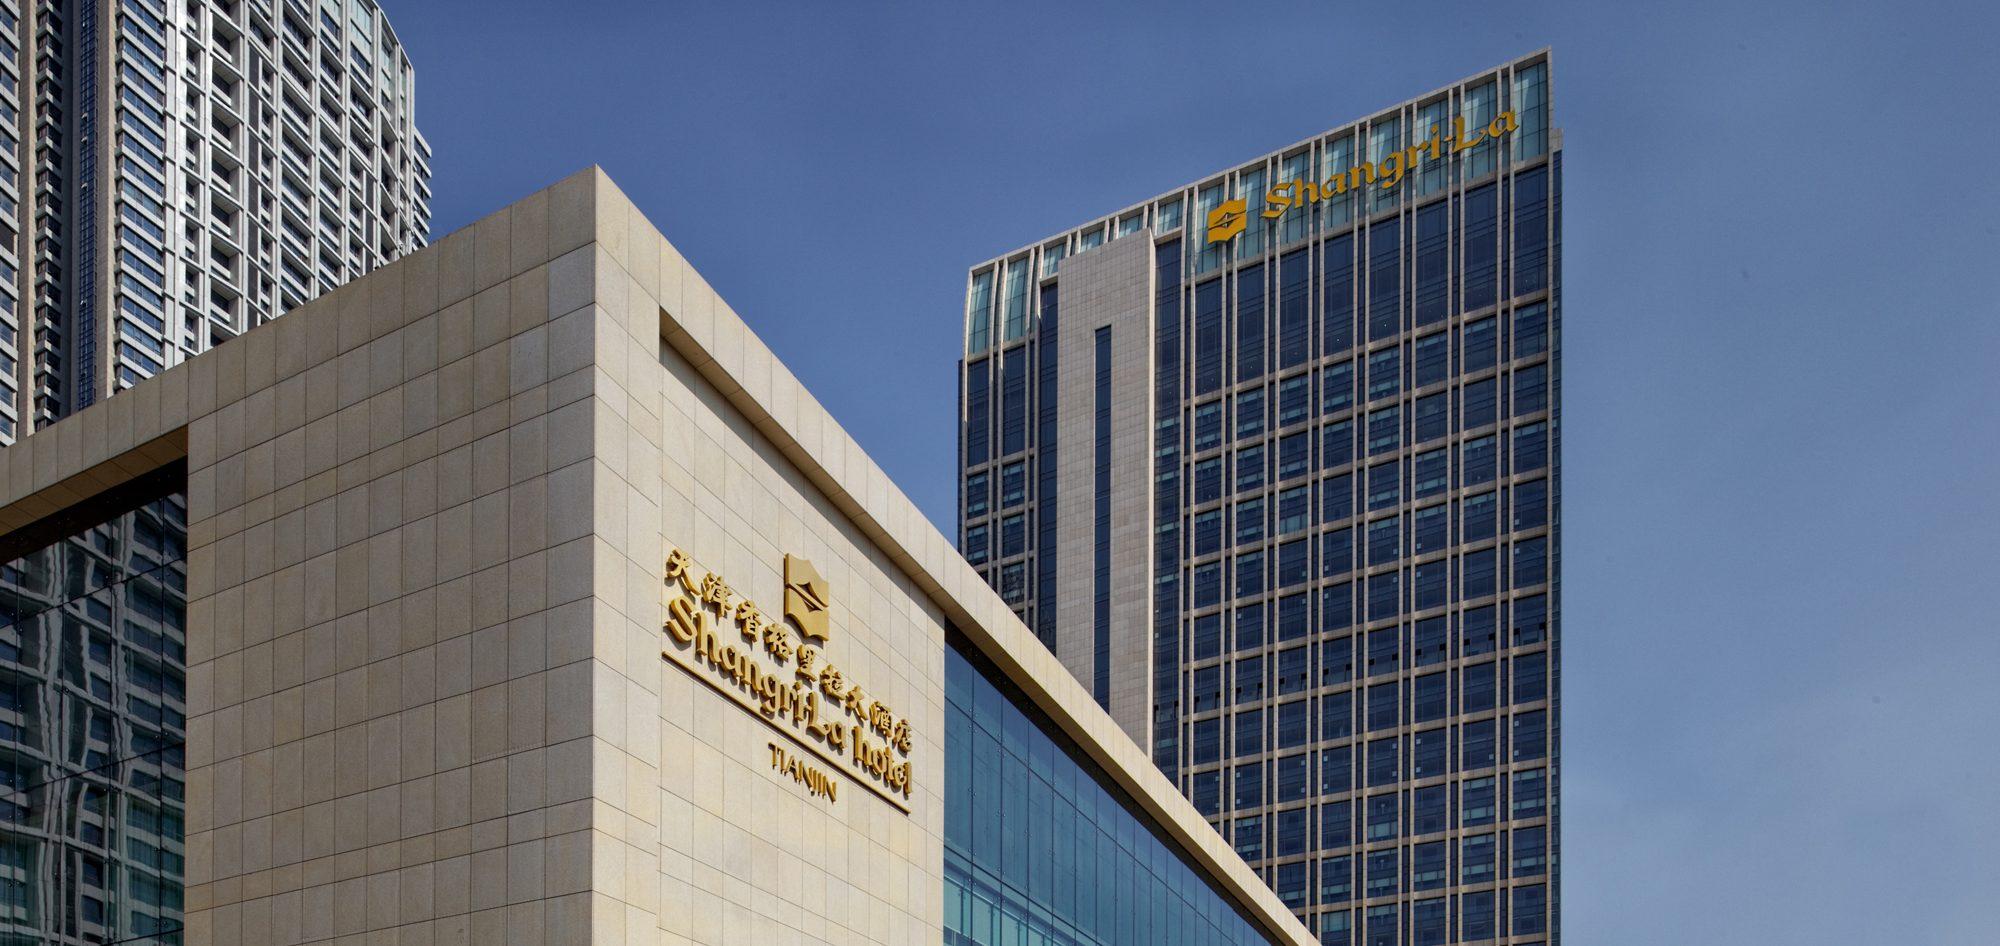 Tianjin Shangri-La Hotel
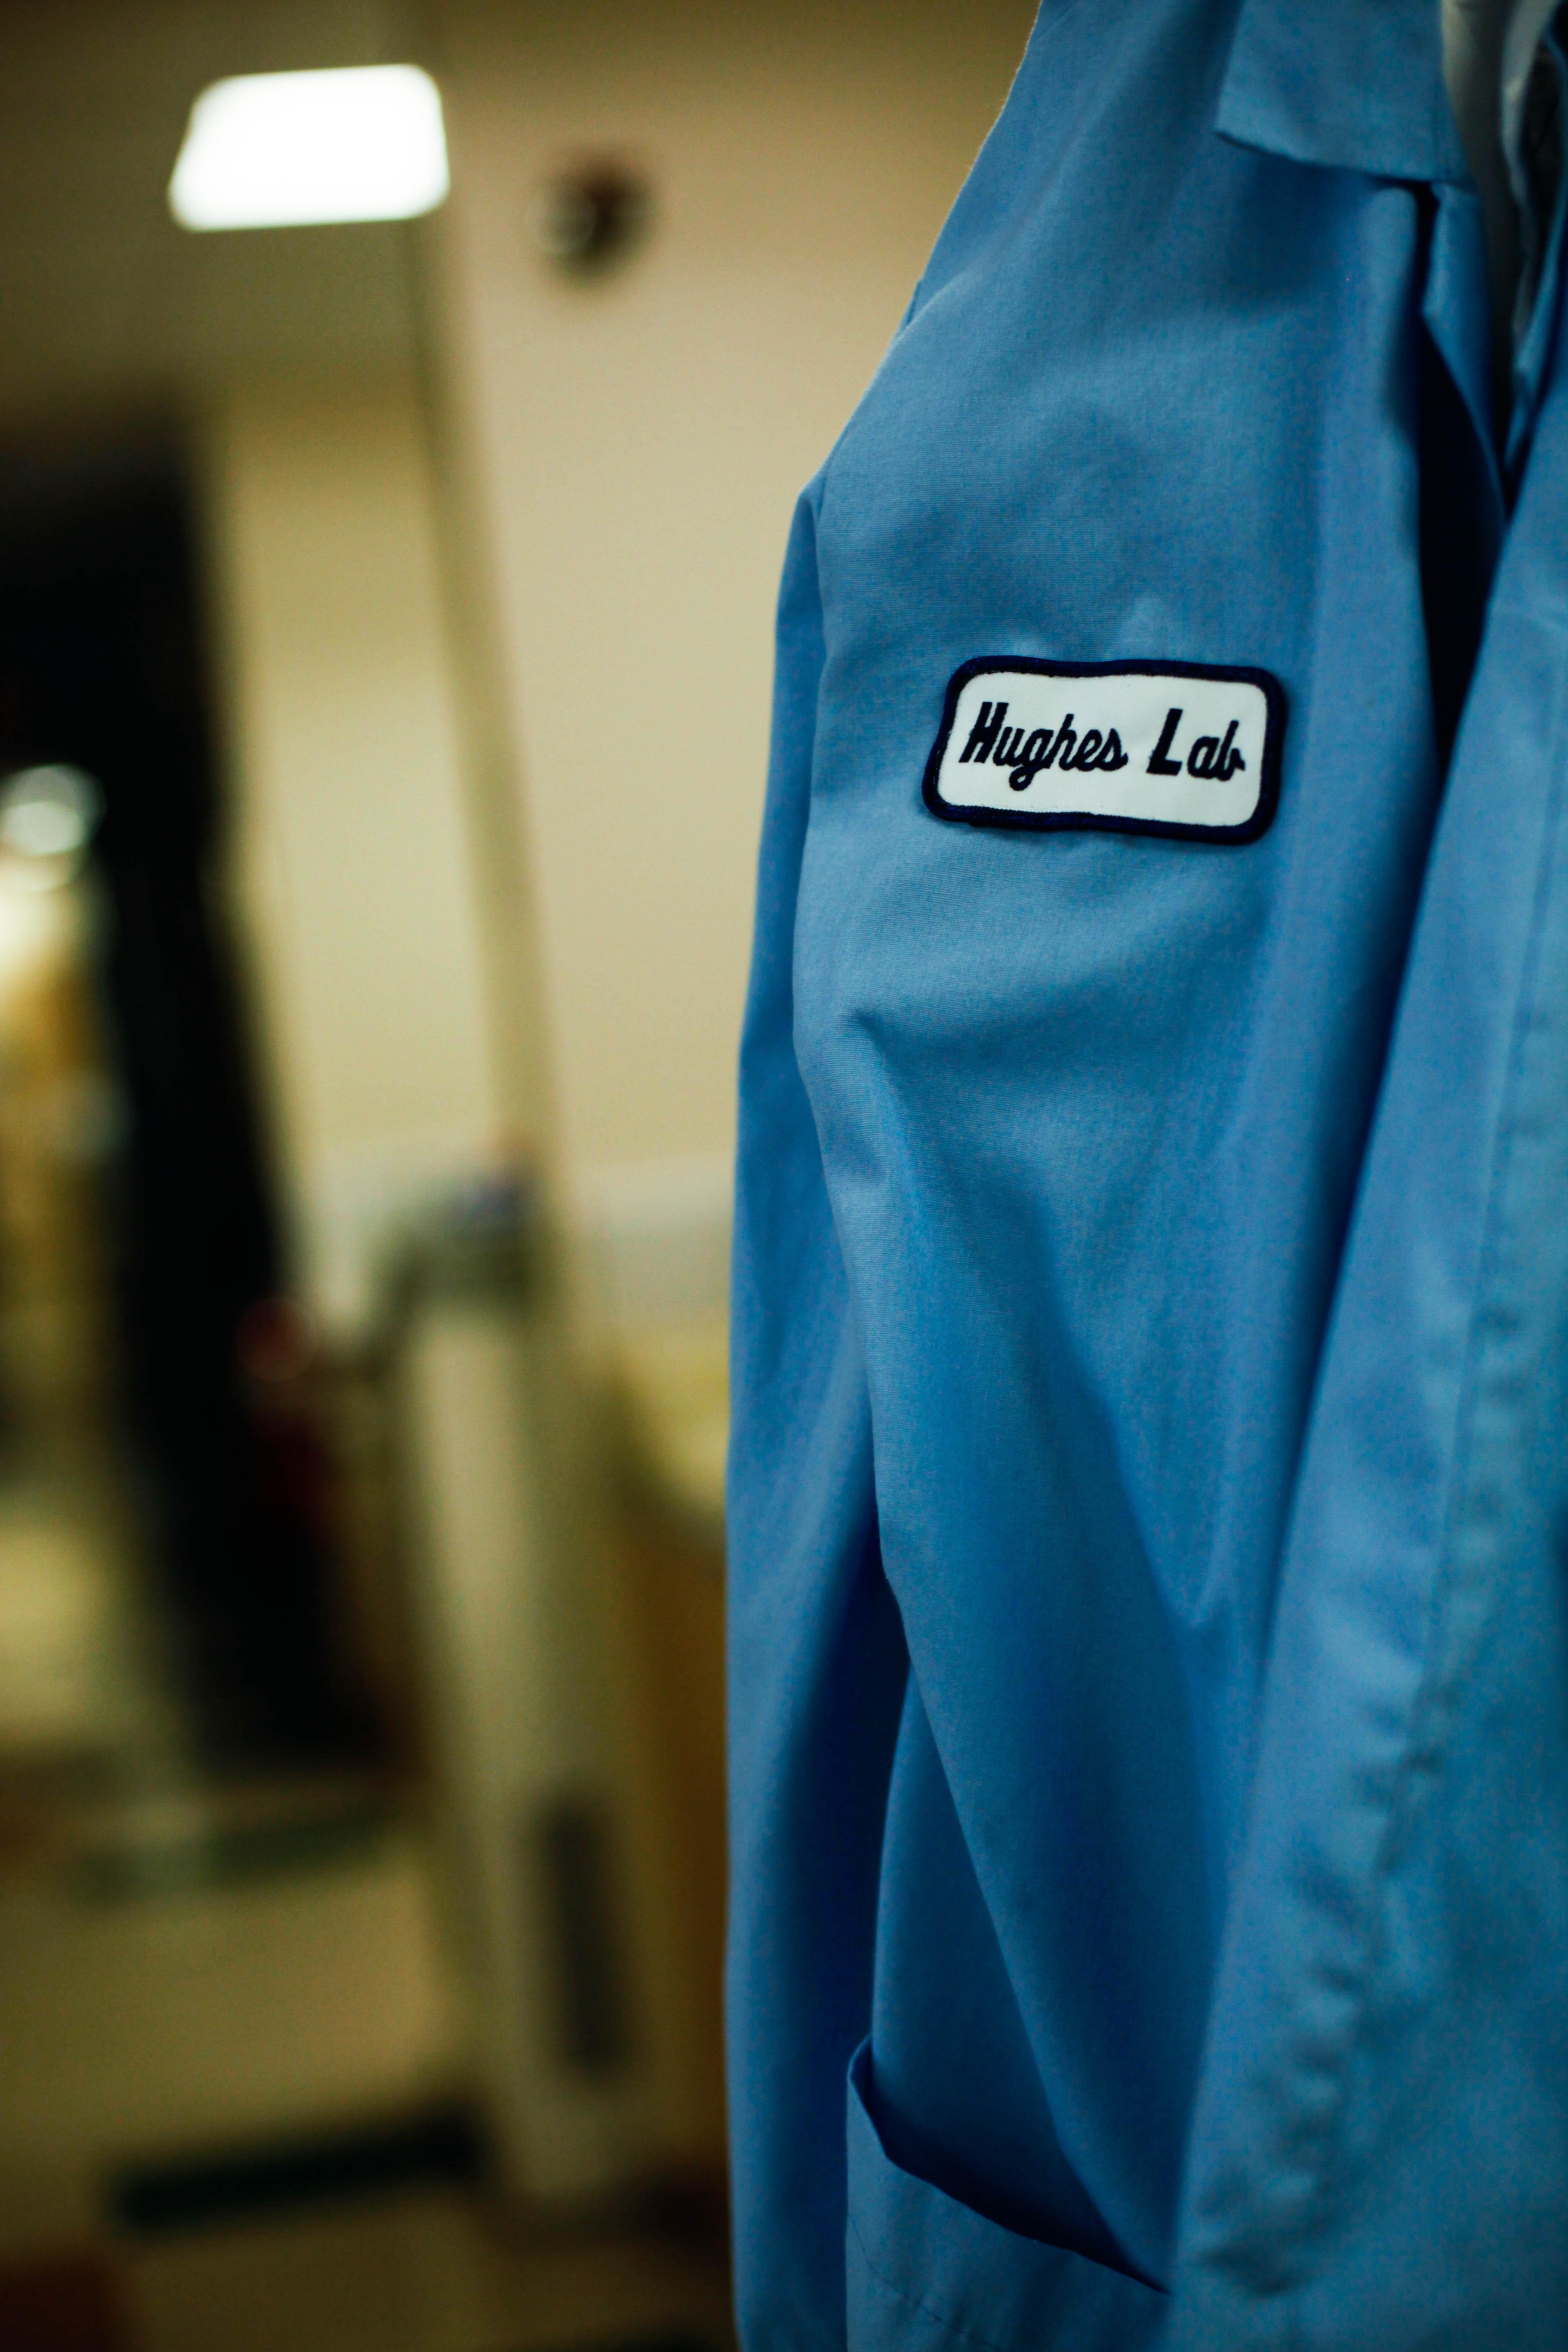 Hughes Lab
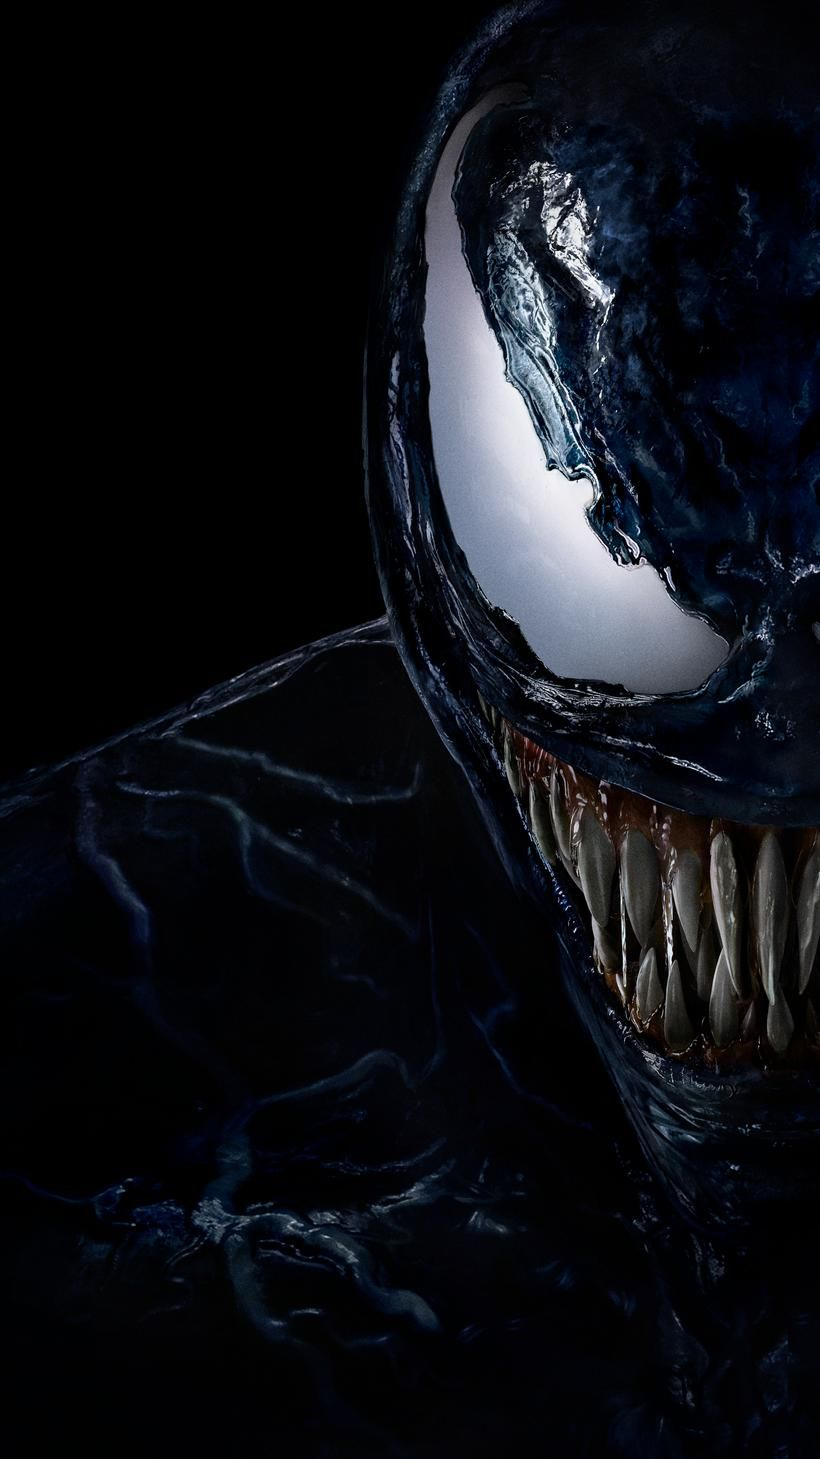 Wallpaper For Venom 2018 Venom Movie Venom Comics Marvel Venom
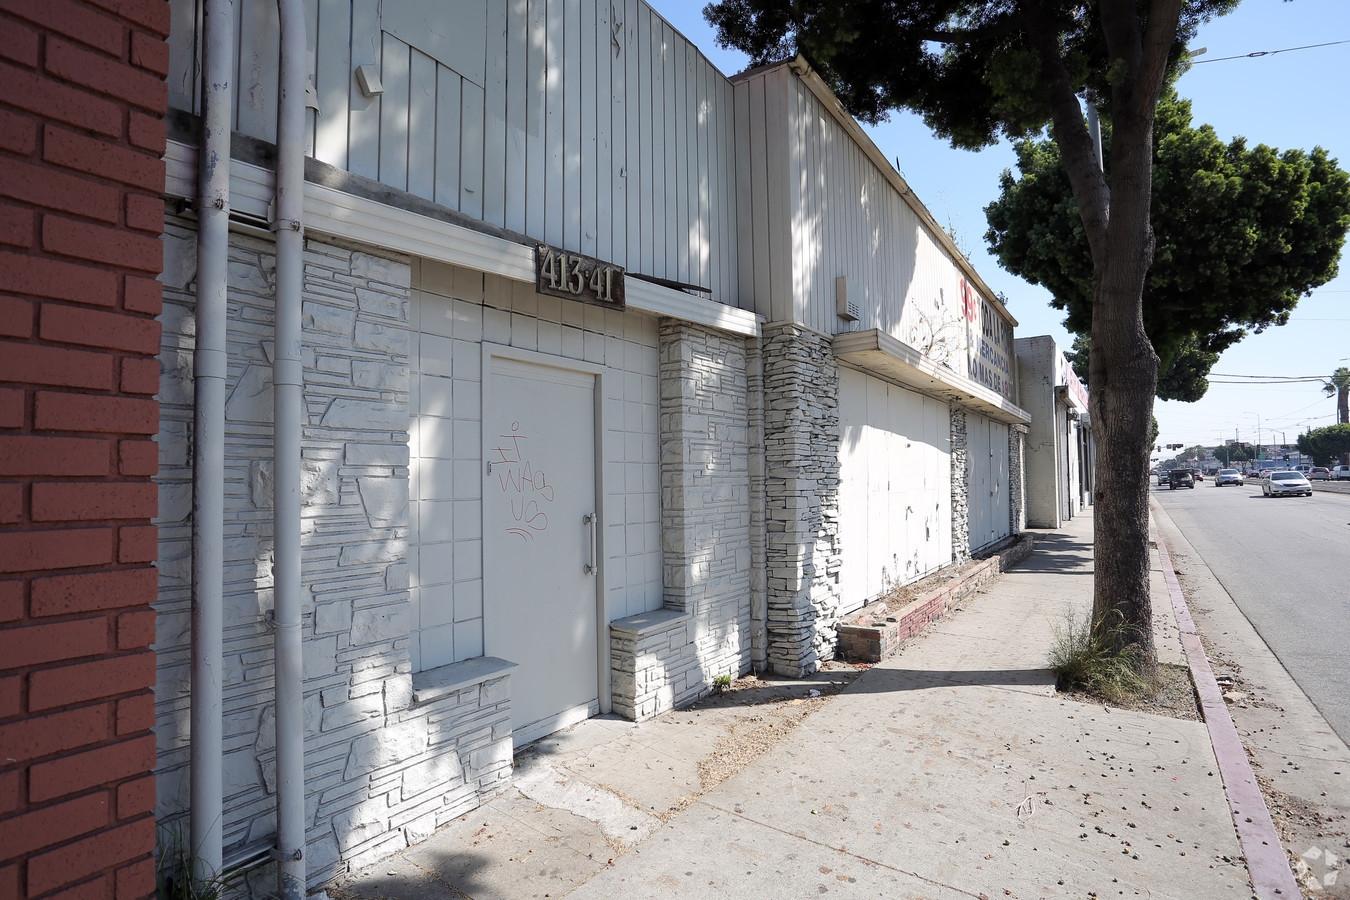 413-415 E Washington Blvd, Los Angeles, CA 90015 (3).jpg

→ **Exercise prompt**:
An exact transcript of the listing is needed, free of pictures.

→ **Response to this exercise**:
 Tianjin Shangri-La Hotel
 Hughes Lab
 Wallpaper For Venom 2018 Venom Movie Venom Comics Marvel Venom
 413-415 E Washington Blvd, Los Angeles, CA 90015 (3).jpg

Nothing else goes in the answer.